Collards are greens cultivated for its thick, slightly bitter edible leaves. Plant in early spring for a summer harvest and again in midsummer for fall and early winter harvest. As you can see, they are available year-round, but many people believe that they are tastier and more nutritious in the cold months, after the first frost. For best flavor and texture, the leaves should be picked before they reach their maximum size. The plant is grown mainly in Brazil, Portugal, the Southern United States, many parts of Africa, Montenegro, Spain and Kashmir. They are often prepared with other similar green leaf vegetables, such as kale, turnip greens, spinach, and mustard greens. A mixed batch of greens is referred to as "a mess o' greens" in the South. They are generally eaten year-round here. Typical seasoning when cooking collards can consist of smoked and salted meats (ham hocks, pork neckbones, fatback or other fatty meat. Add diced onions, vinegar, salt and pepper, butter, or relish/chow-chow. Collards are considered to be a healthy food as they are good sources of vitamin C, soluble fiber and contain multiple nutrients with potent anti-cancer properties. Though greens did not originate in Africa, the habit of eating greens that have been cooked down into a low gravy, and drinking the juices from the greens (known as "pot likker") is of African origin. Pot likker is a highly concentrated, vitamin-filled broth left over from cooking the greens. The slaves of southern plantations were given the leftover food from the plantation kitchen. Some of this food consisted of the tops of turnips and other greens.

Hoppin' John
1 pound dried black-eyed peas
1 pound spicy bulk pork sausage
1 large onion, chopped
2 garlic cloves, minced
2 quarts water
2 tablespoons crushed red pepper flakes
1 1/2 teaspoons fresh ground white pepper
1 1/2 teaspoons salt
4 cups beef broth, homemade or canned
2 tablespoons unsalted butter
3 cups long-grained rice
    In a large saucepan, bring the peas and water to a boil over high heat. Boil for 1 minute. Remove the pan from the heat, cover tightly, and let stand for 1 hour. (Or in a large bowl, combine the peas with enough cold water to cover by 3 inches, and let stand overnight at room temperature.)
    Drain well.

    In a 5-quart Dutch oven, cook the sausage, onion, and garlic over medium heat, stirring often to break up the sausage, until it loses its raw look, about 10 minutes. Pour off all excess fat.

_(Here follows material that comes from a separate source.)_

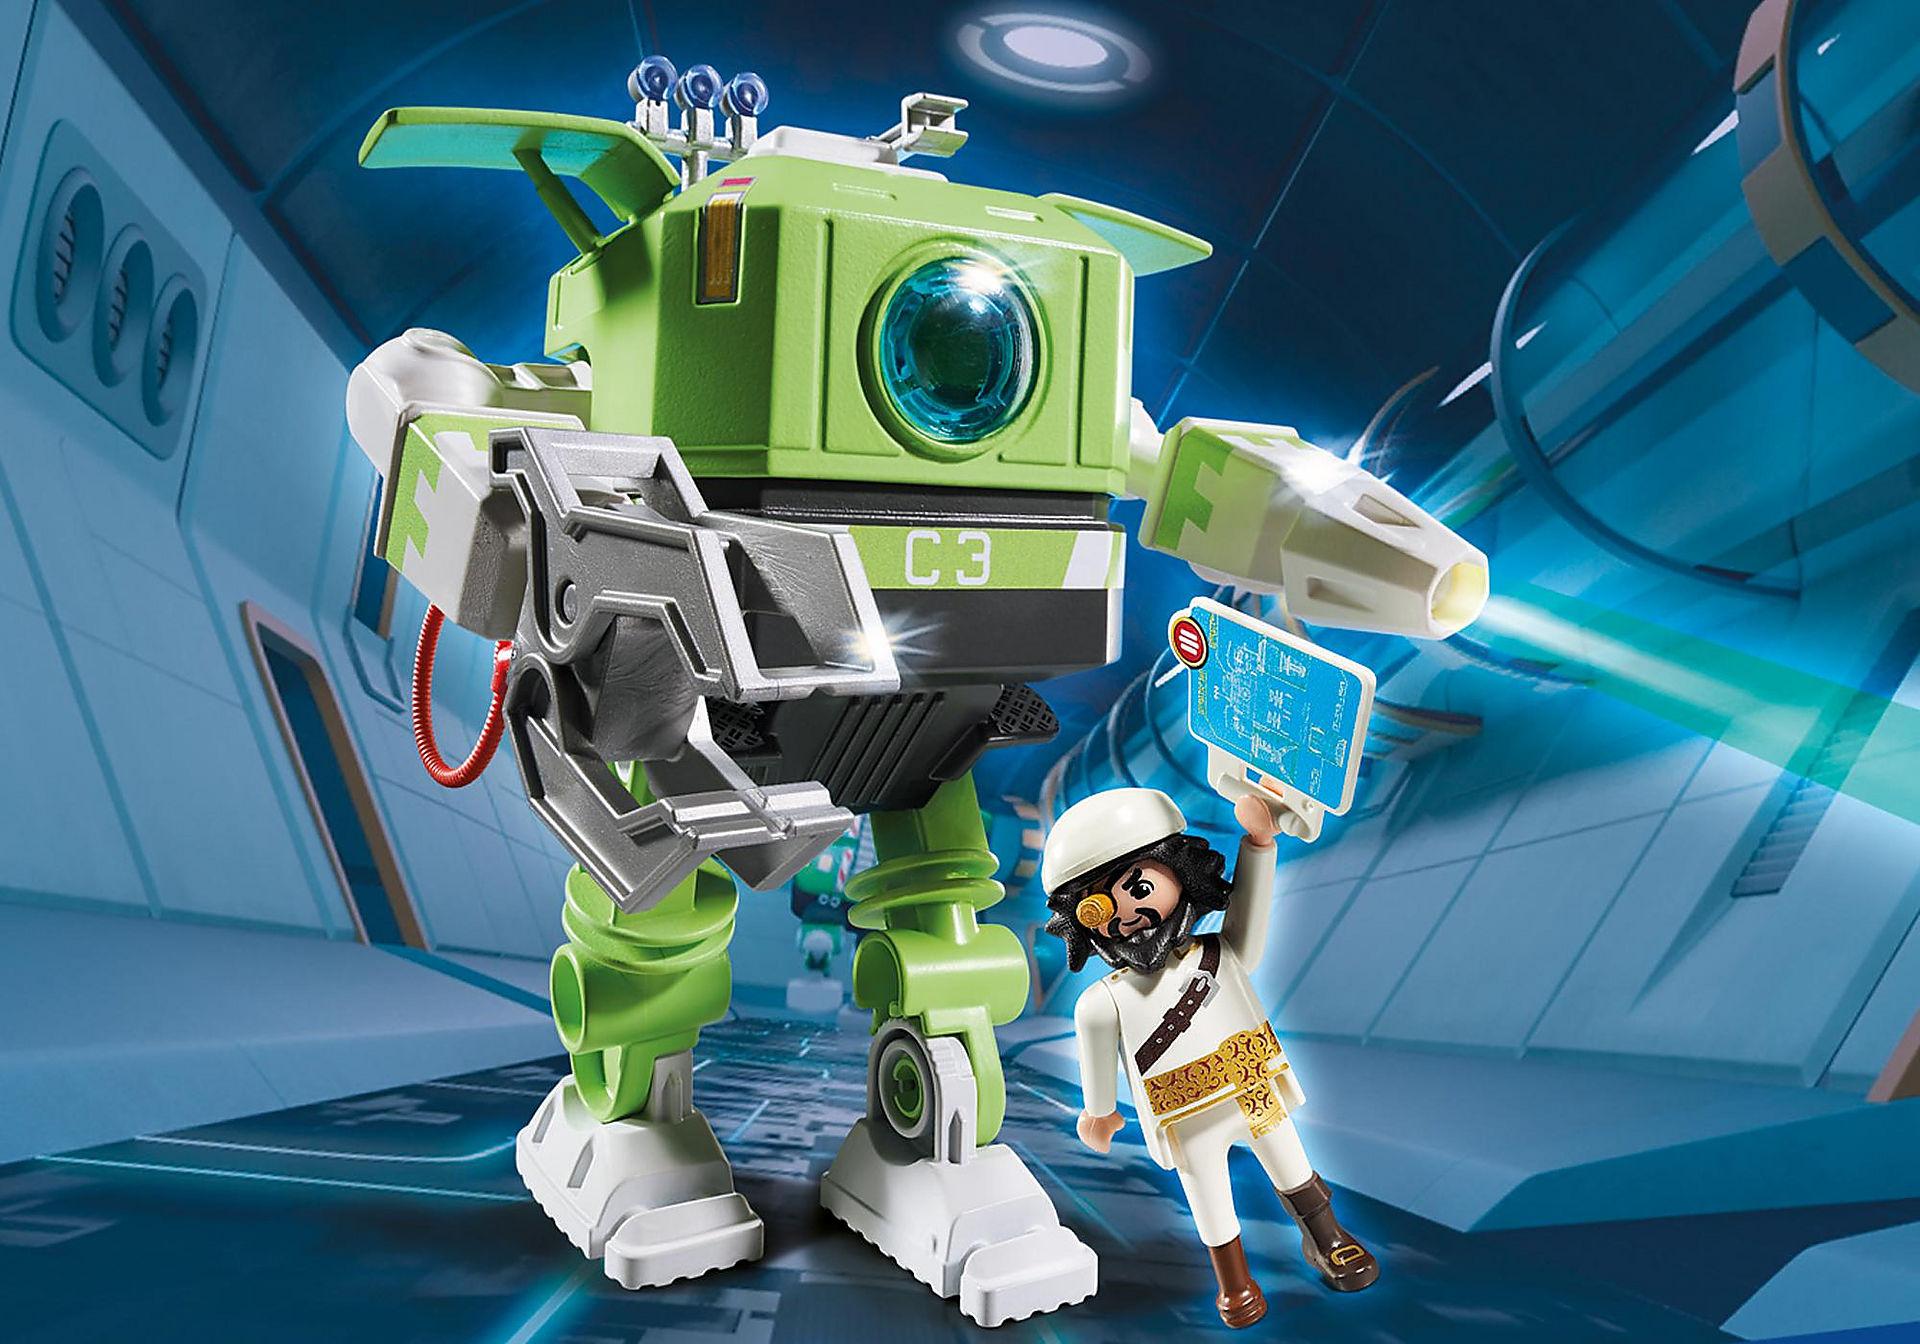 http://media.playmobil.com/i/playmobil/6693_product_detail/Робот Клеано

    Add the drained peas, water, and red and white peppers. Bring to a boil, reduce the heat to low, and simmer, covered, until the peas are tender, about 1 1/4 hours. Stir in 1/2 teaspoon of the salt.

    Meanwhile, bring the beef broth, butter, and remaining 1 teaspoon of salt to a boil in a medium saucepan over high heat. Add the rice, reduce the heat to medium-low, and simmer, covered, until the rice is tender and the liquid has been absorbed, about 20 minutes. Fluff the rice and transfer it to a deep serving bowl.

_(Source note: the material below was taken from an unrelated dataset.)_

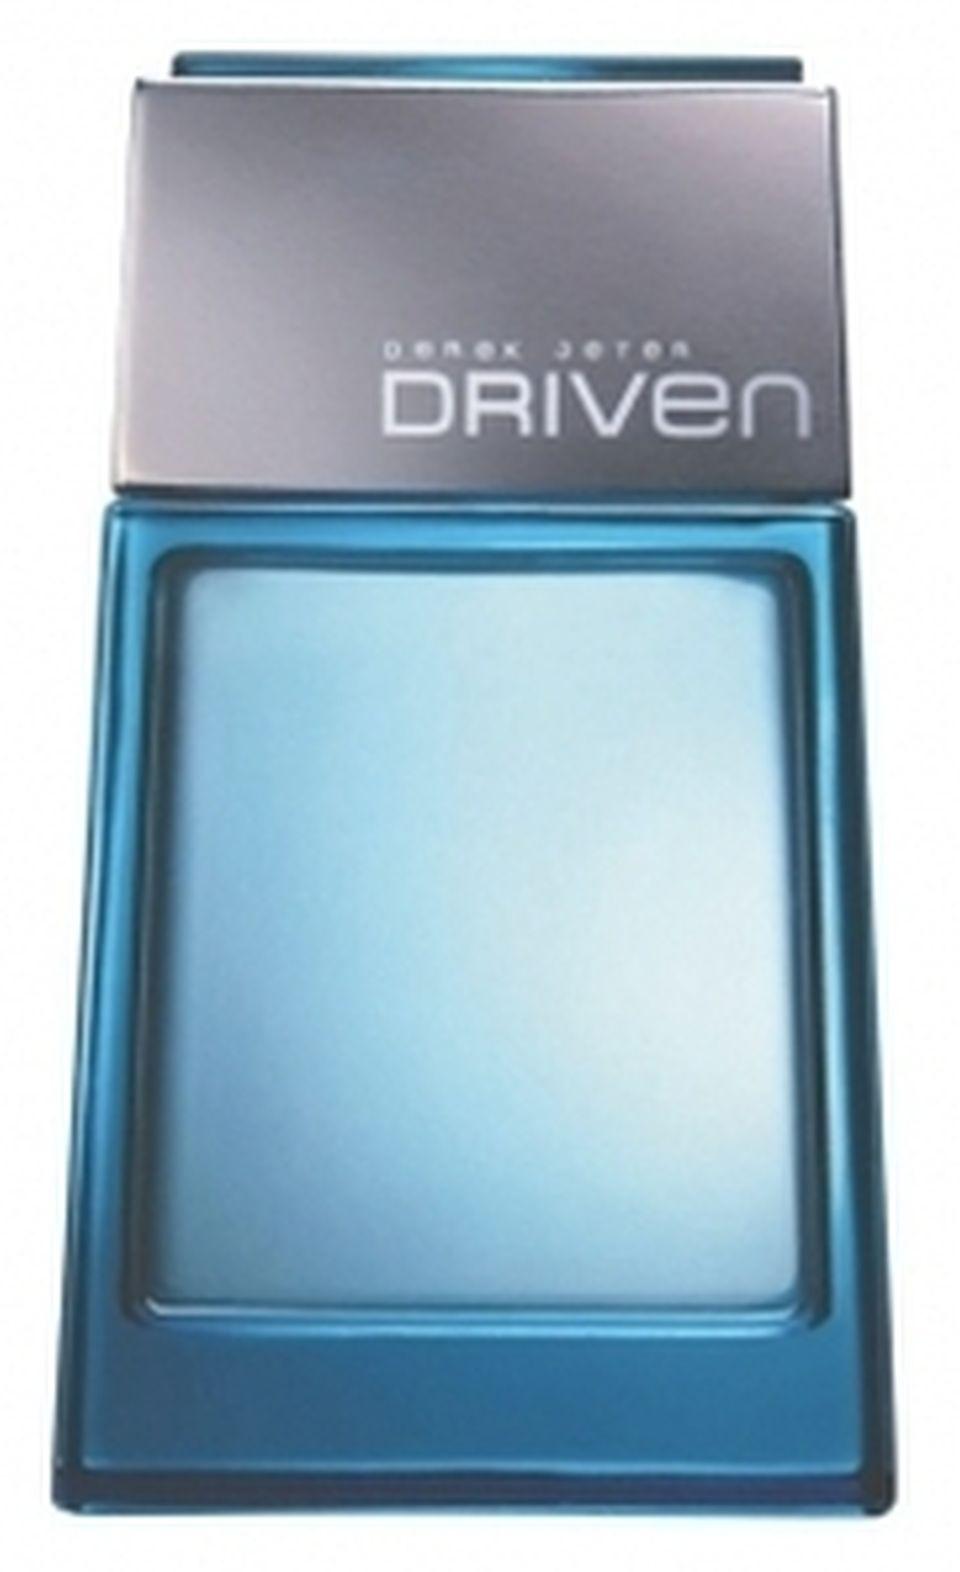 Color sheets derek jeter - Derek Jeter Driven Driven Black Avon

    Pour the peas over the rice, mix well, and serve immediately.

    **Note**
    In my family, we didn't add the sausage (although that sounds delicious). We cooked the beans in the crockpot with a ham bone, ham, or some raw bacon and add the cooked peas to rice just before serving. We like to sprinkle chopped raw onions on top or add a little relish called chow-chow.

    Collards
    Fresh collard greens, washed, chopped with thick stem removed (Keep in mind that greens can fill a pot when fresh but they cook wwaayy down.)
    Chicken or beef broth
    1-2 pieces of raw bacon (apple smoked Gwaltney bacon is good)
    Hot red pepper flakes to taste
    Salt to taste
    Apple cider vinegar to taste
    Sauteed chopped onions

    After sauteeing the onions, put all ingredients into your crockpot or a dutch oven pot on the stovetop. Add enough water to make sure greens are covered. Cook them covered, slowly for 3 hours.

    **Note**
    We serve them with butter, chopped raw onions, sprinkled with vinegar or chow-chow. You can substitute white wine for the apple cider. You could also add a couple of teaspoons of brown sugar if you like your greens sweet.